# Wassertropfen(oil artige Flüssigkeit) am glas



## Mysticaltrix (5. April 2021)

Schönen guten tag, und zwar fällt mir seit paar Tagen auf das sich kleine wasser oder Ehrer oil artige Flüssigkeit am tempered Glas bildet. Ich bin langsam ratlos woher das kommen kann.

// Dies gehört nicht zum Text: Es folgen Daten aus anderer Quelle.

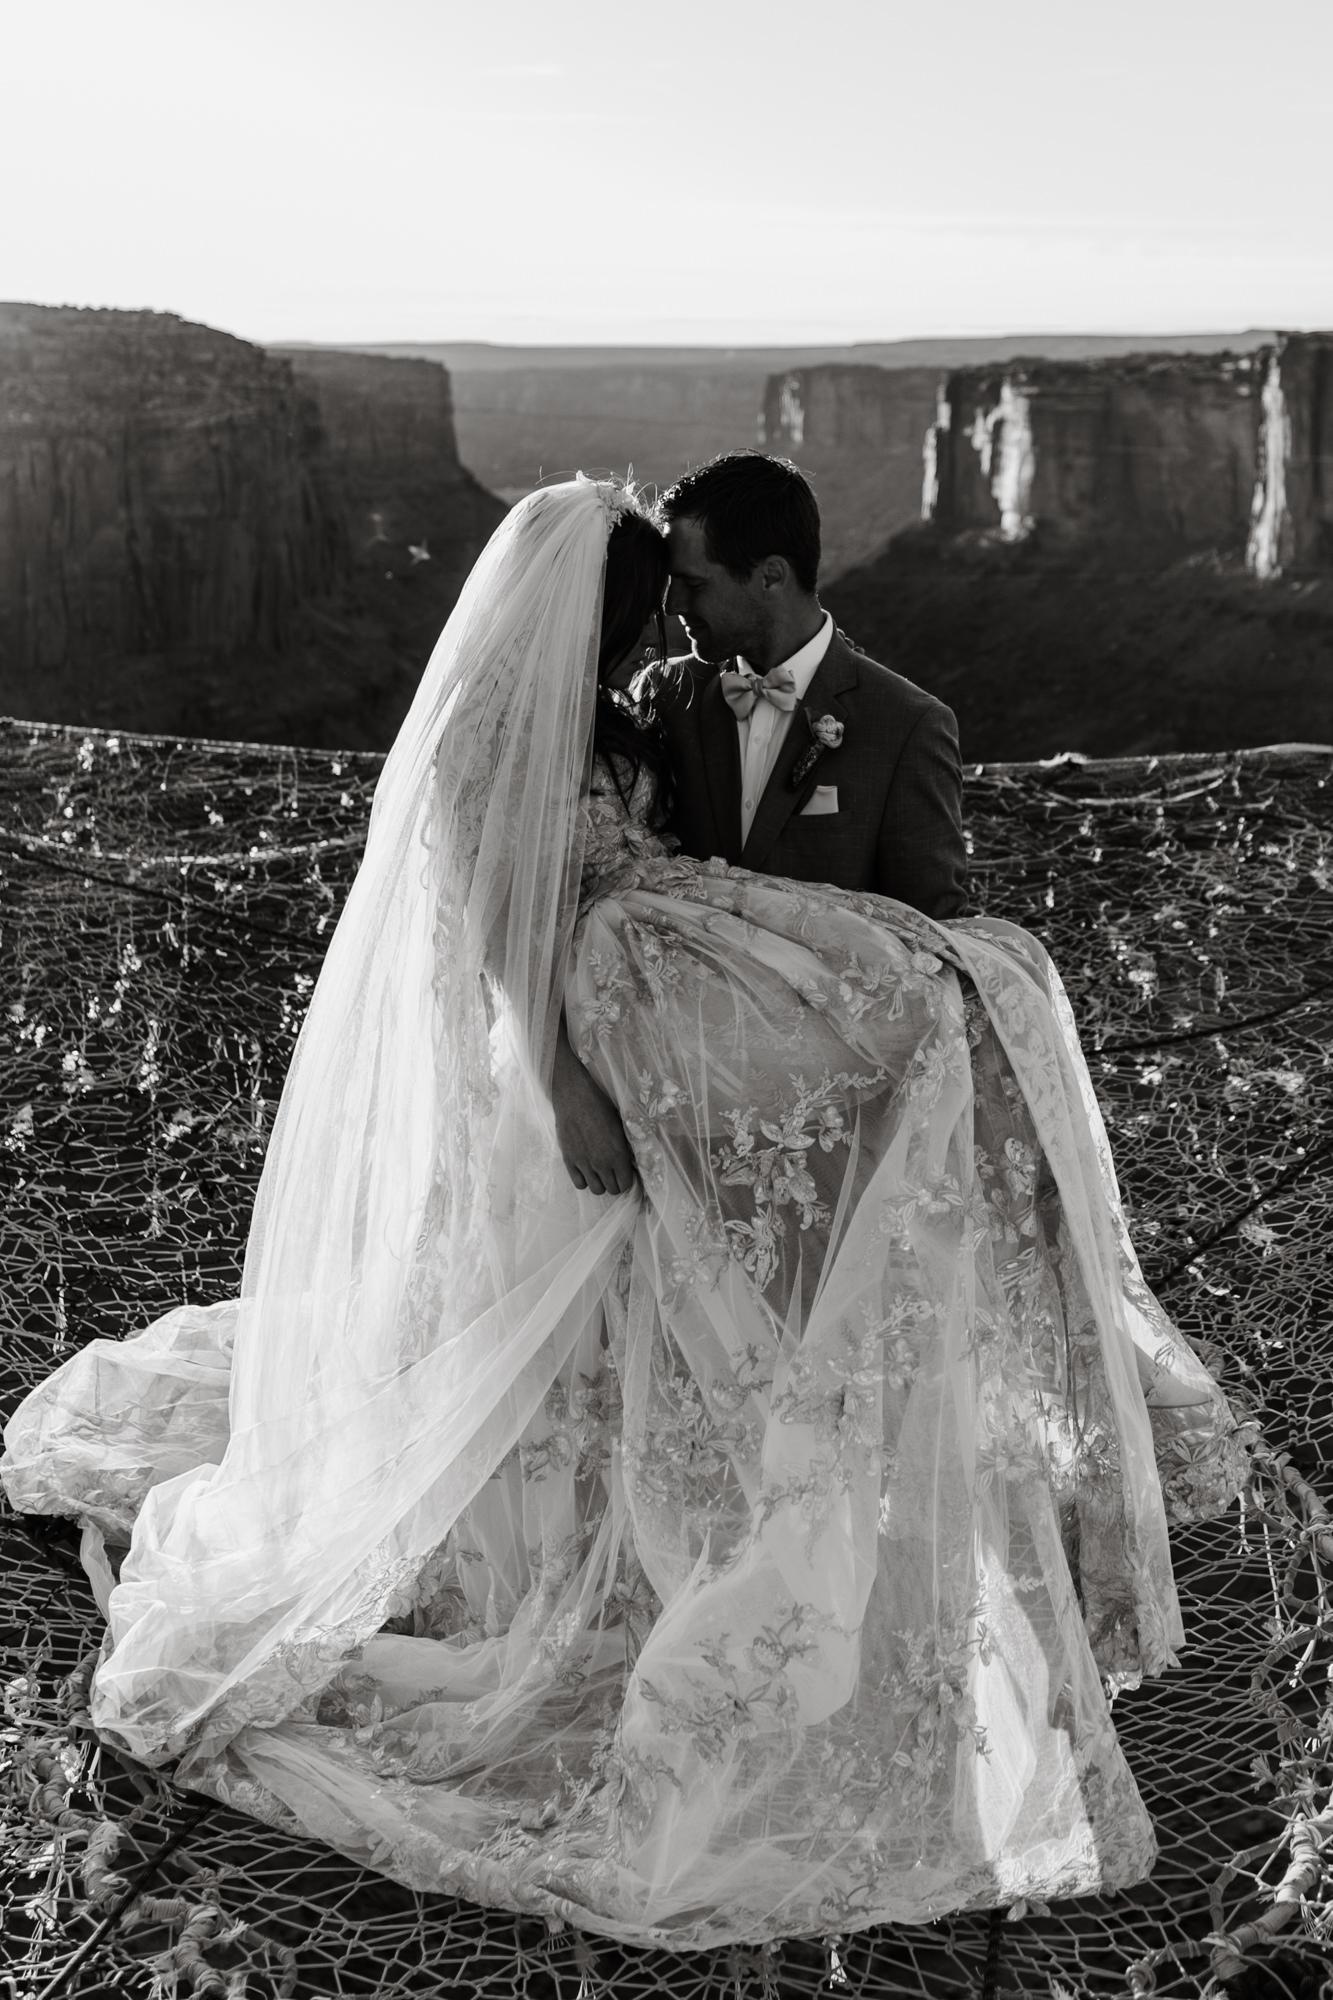 spacenet wedding 400 feet above a canyon in moab, utah | adventurous desert elopement | galia lahav bride | the hearnes adventure wedding photography | www.thehearnes.com

Aio augenscheinlich überprüft kein läg keine undicht zu erkennen.

Zu meinen sys

Asus x570-e
Ryzen 7 3800xt
Corsair vengeance rgb pro 3600
Rtx 3070 aorus Master
Nzxt Kraken z63
Case: nzxt h710i
Nt: asus rog strix 650g

Das System ist gerade mal 10 Tage alt

Auf oil artic komme ich daher es läßt sich nicht mit warme Luft egal ob hauchen oder Fön entfernen bzw es kondensiert nicht. Und wenn man es wegwischen tut hinterlässt es fett artige Schlieren auf den Glas 

Zu meinen Klima
Es sind eigentlich immer 20 Grad und es wird 2x täglich 5 in gelüftet. Die Raum feuchte beträgt 40-50%

Falls es der falsche Bereich ist tut es mir leid habe kein passenden gefunden, oder ich war blind.


----------



## IICARUS (5. April 2021)

Kann dir nichts Konkretes dazu sagen, aber in der Kühlflüssigkeit befindet sich destilliertes Wasser, was mit Korrosionsschutz versetzt ist und das trocknet normalerweise.


----------



## Schori (5. April 2021)

Würde spontan sagen, dass es Öl aus einem Lüfter ist.
Schau dir die mal an, da müsste es ja dann Spuren geben.


----------



## Mysticaltrix (5. April 2021)

OK auf den 2ten Blick sieht man echt das es ein Lüfter ist. Hat man zuerst nicht gesehen, ist der erste von oben gesehen von den 120gern vorne

Muss auch gestehen ist das erste mal in meine 21bastel Jahren das ich sowas erlebe von einen Lüfter.

Lüfter ist jetzt ausgebaut und gegen ein neuen getauscht, andere habe ich auch kontroliert war aber nix in der art zu erkennen


----------



## R4Z0R1911 (6. April 2021)

Also hab ich auch, bei mir ist es, dass die Katze niest, und dann diese Flecken entstehen.


----------



## SgtKlemmi (6. April 2021)

Ich hätte jetzt direkt mal auf Insektenkot (vermtl. Fliegen) getippt.

Solche Flecken habe ich an den Fenstern auch manchmal.

Aber klare Seitenverglasung ist eh immer ätzend, was die Sauberkeit angeht....im Showroom von CaseKing sind sogar 10 000 Eurosysteme komplett dreckig...also meinem Empfinden nach.


----------